TO DO: Only the pictures are to be left out; please reproduce everything else in the data exactly.

======== PROVIDED DATA

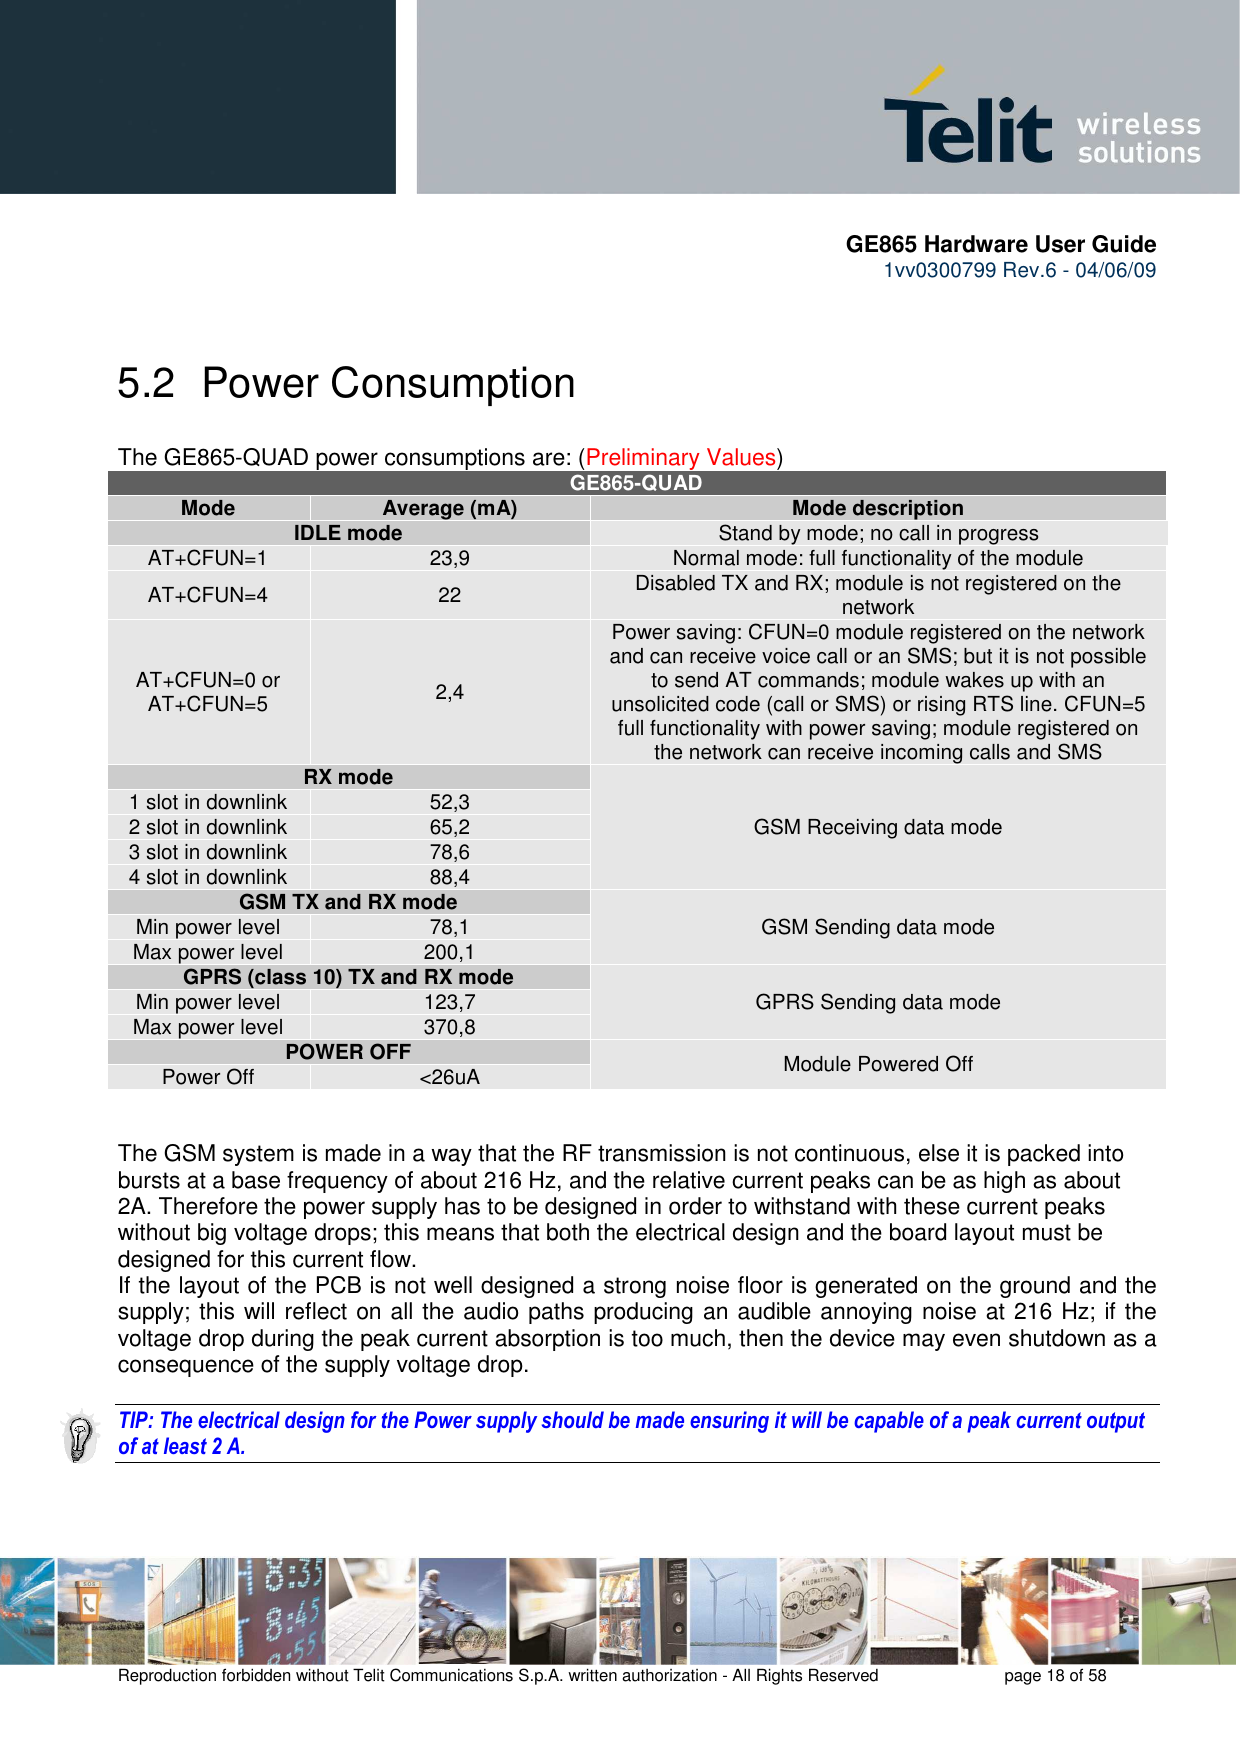       GE865 Hardware User Guide 1vv0300799 Rev.6 - 04/06/09      Reproduction forbidden without Telit Communications S.p.A. written authorization - All Rights Reserved    page 18 of 58   5.2  Power Consumption The GE865-QUAD power consumptions are: (Preliminary Values) GE865-QUAD Mode  Average (mA) Mode description IDLE mode Stand by mode; no call in progress AT+CFUN=1  23,9  Normal mode: full functionality of the module AT+CFUN=4  22  Disabled TX and RX; module is not registered on the network AT+CFUN=0 or AT+CFUN=5  2,4 Power saving: CFUN=0 module registered on the network and can receive voice call or an SMS; but it is not possible to send AT commands; module wakes up with an unsolicited code (call or SMS) or rising RTS line. CFUN=5 full functionality with power saving; module registered on the network can receive incoming calls and SMS  RX mode GSM Receiving data mode 1 slot in downlink  52,3 2 slot in downlink  65,2 3 slot in downlink  78,6 4 slot in downlink  88,4 GSM TX and RX mode  GSM Sending data mode Min power level  78,1 Max power level  200,1 GPRS (class 10) TX and RX mode  GPRS Sending data mode Min power level  123,7 Max power level  370,8 POWER OFF  Module Powered Off Power Off  &lt;26uA   The GSM system is made in a way that the RF transmission is not continuous, else it is packed into bursts at a base frequency of about 216 Hz, and the relative current peaks can be as high as about 2A. Therefore the power supply has to be designed in order to withstand with these current peaks without big voltage drops; this means that both the electrical design and the board layout must be designed for this current flow. If the layout of the PCB is not well designed a strong noise floor is generated on the ground and the supply; this will reflect on all the audio paths producing an audible annoying noise at 216 Hz; if the voltage drop during the peak current absorption is too much, then the device may even shutdown as a consequence of the supply voltage drop.  TIP: The electrical design for the Power supply should be made ensuring it will be capable of a peak current output of at least 2 A. 
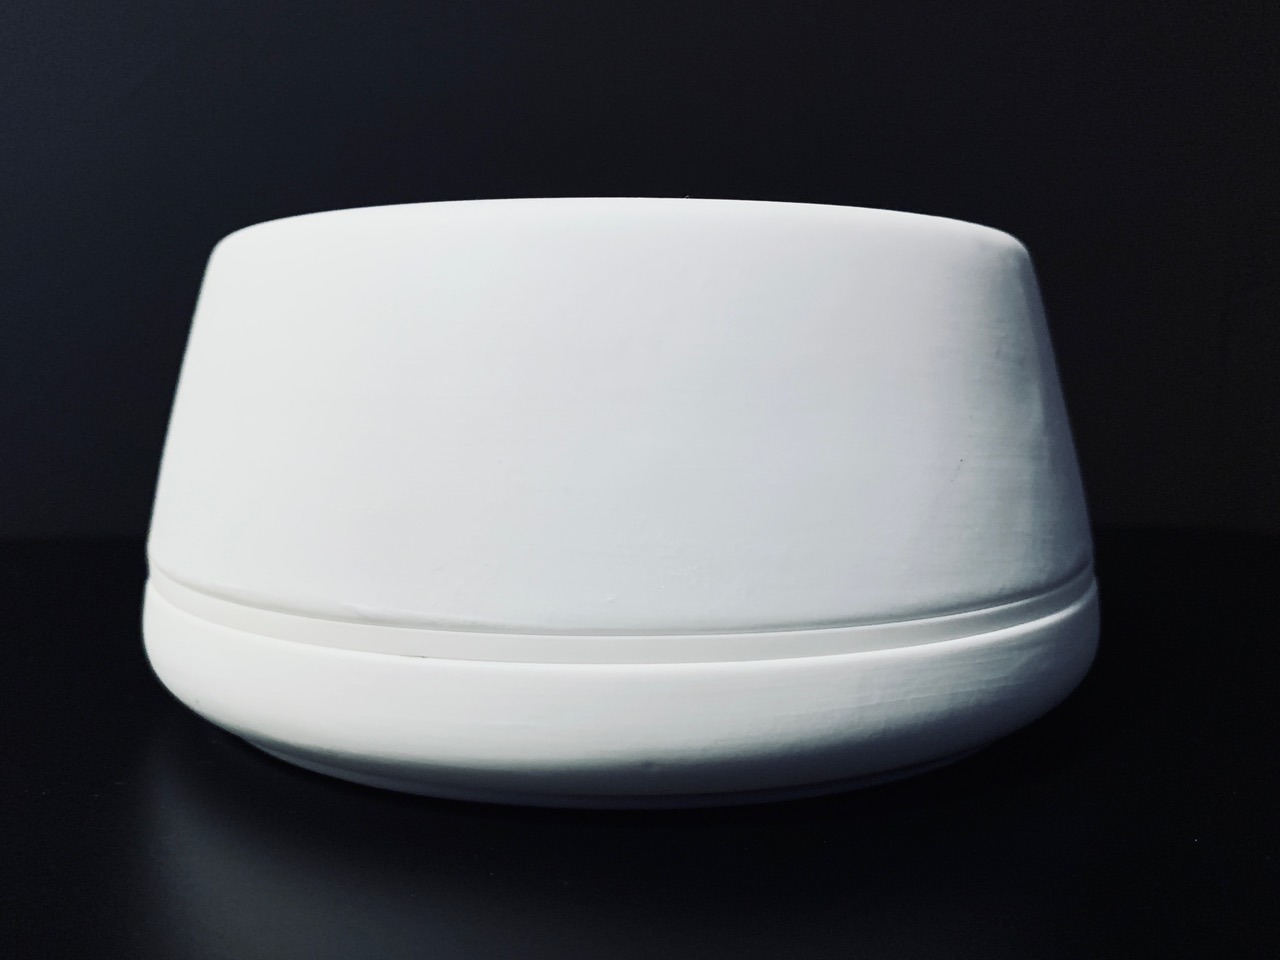 Image of the Skagerak low pot white 15 cm offered in this advertisement.
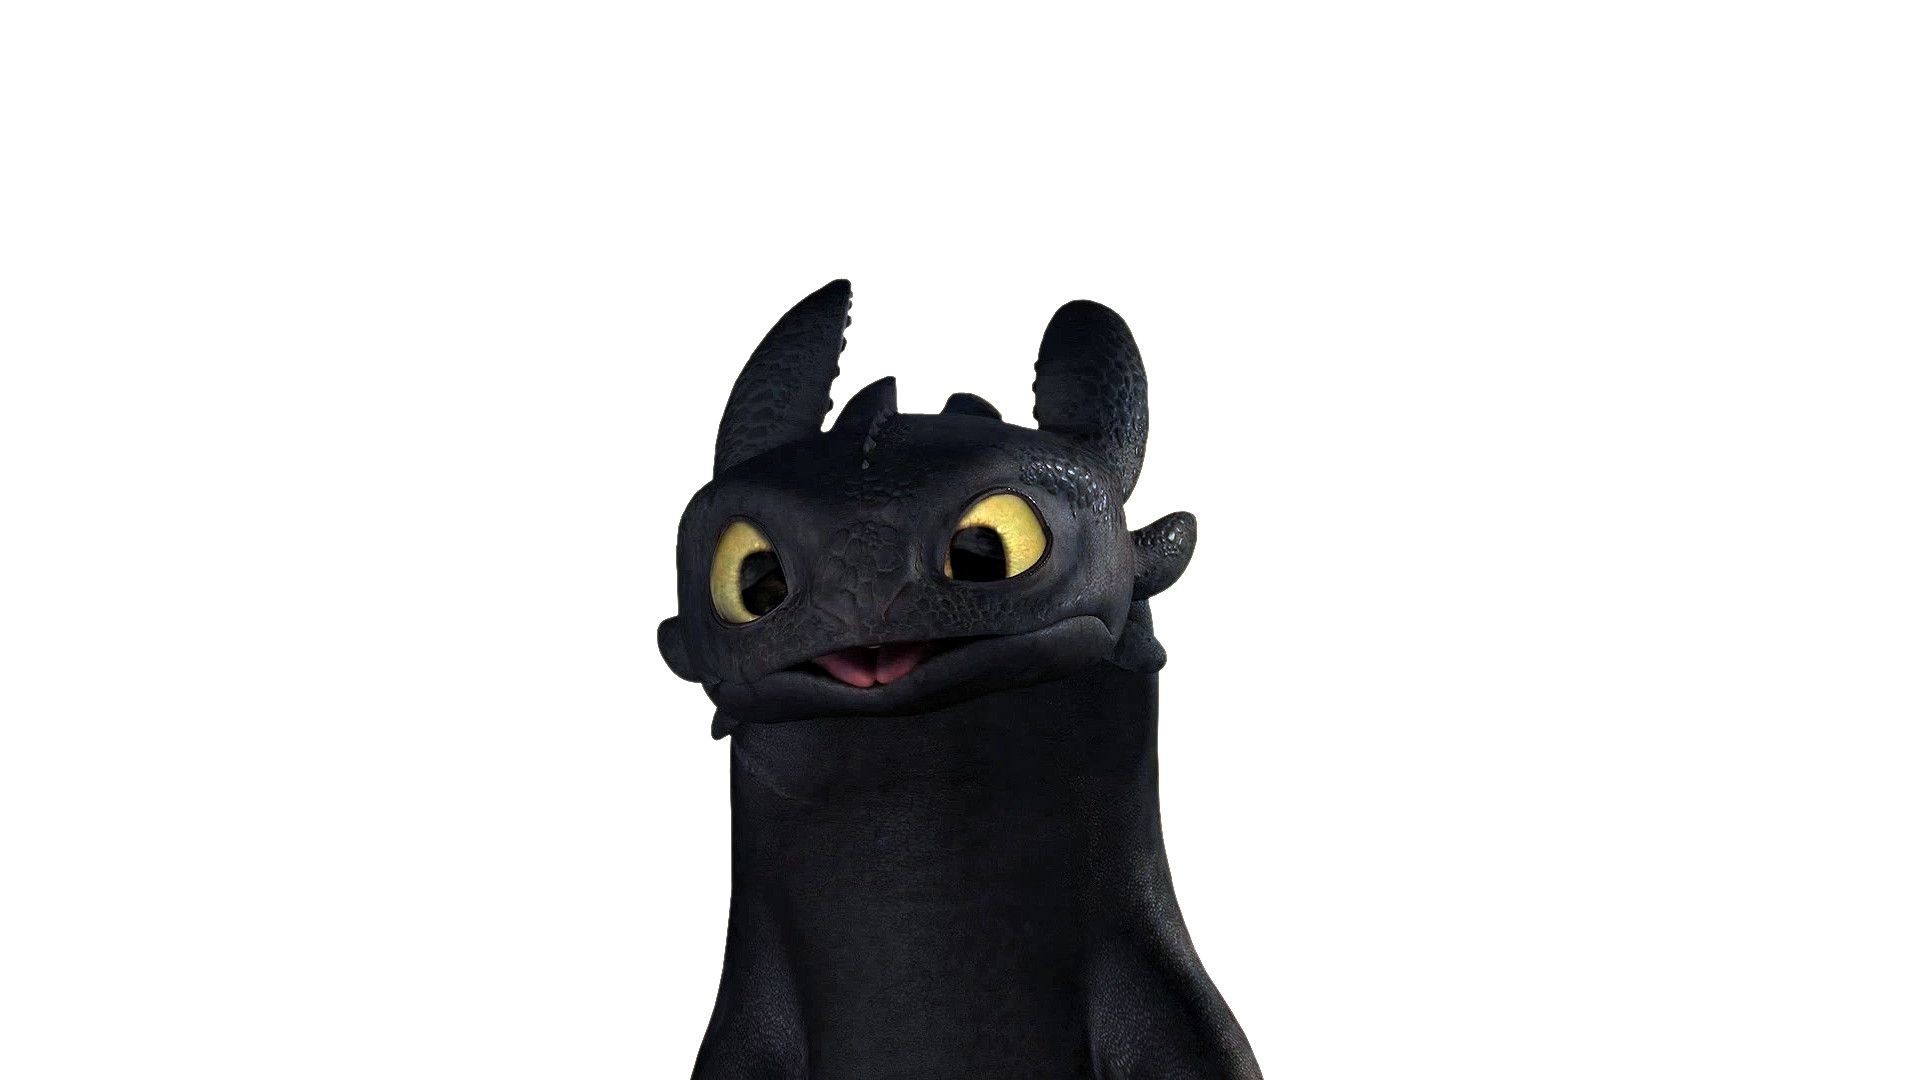 Toothless Wallpapers 1080p 1920x1080

================

REPLY TO THE EXERCISE:
       GE865 Hardware User Guide 1vv0300799 Rev.6 - 04/06/09      Reproduction forbidden without Telit Communications S.p.A. written authorization - All Rights Reserved    page 18 of 58   5.2  Power Consumption The GE865-QUAD power consumptions are: (Preliminary Values) GE865-QUAD Mode  Average (mA) Mode description IDLE mode Stand by mode; no call in progress AT+CFUN=1  23,9  Normal mode: full functionality of the module AT+CFUN=4  22  Disabled TX and RX; module is not registered on the network AT+CFUN=0 or AT+CFUN=5  2,4 Power saving: CFUN=0 module registered on the network and can receive voice call or an SMS; but it is not possible to send AT commands; module wakes up with an unsolicited code (call or SMS) or rising RTS line. CFUN=5 full functionality with power saving; module registered on the network can receive incoming calls and SMS  RX mode GSM Receiving data mode 1 slot in downlink  52,3 2 slot in downlink  65,2 3 slot in downlink  78,6 4 slot in downlink  88,4 GSM TX and RX mode  GSM Sending data mode Min power level  78,1 Max power level  200,1 GPRS (class 10) TX and RX mode  GPRS Sending data mode Min power level  123,7 Max power level  370,8 POWER OFF  Module Powered Off Power Off  &lt;26uA   The GSM system is made in a way that the RF transmission is not continuous, else it is packed into bursts at a base frequency of about 216 Hz, and the relative current peaks can be as high as about 2A. Therefore the power supply has to be designed in order to withstand with these current peaks without big voltage drops; this means that both the electrical design and the board layout must be designed for this current flow. If the layout of the PCB is not well designed a strong noise floor is generated on the ground and the supply; this will reflect on all the audio paths producing an audible annoying noise at 216 Hz; if the voltage drop during the peak current absorption is too much, then the device may even shutdown as a consequence of the supply voltage drop.  TIP: The electrical design for the Power supply should be made ensuring it will be capable of a peak current output of at least 2 A. 
 Image of the Skagerak low pot white 15 cm offered in this advertisement.
 Toothless Wallpapers 1080p 1920x1080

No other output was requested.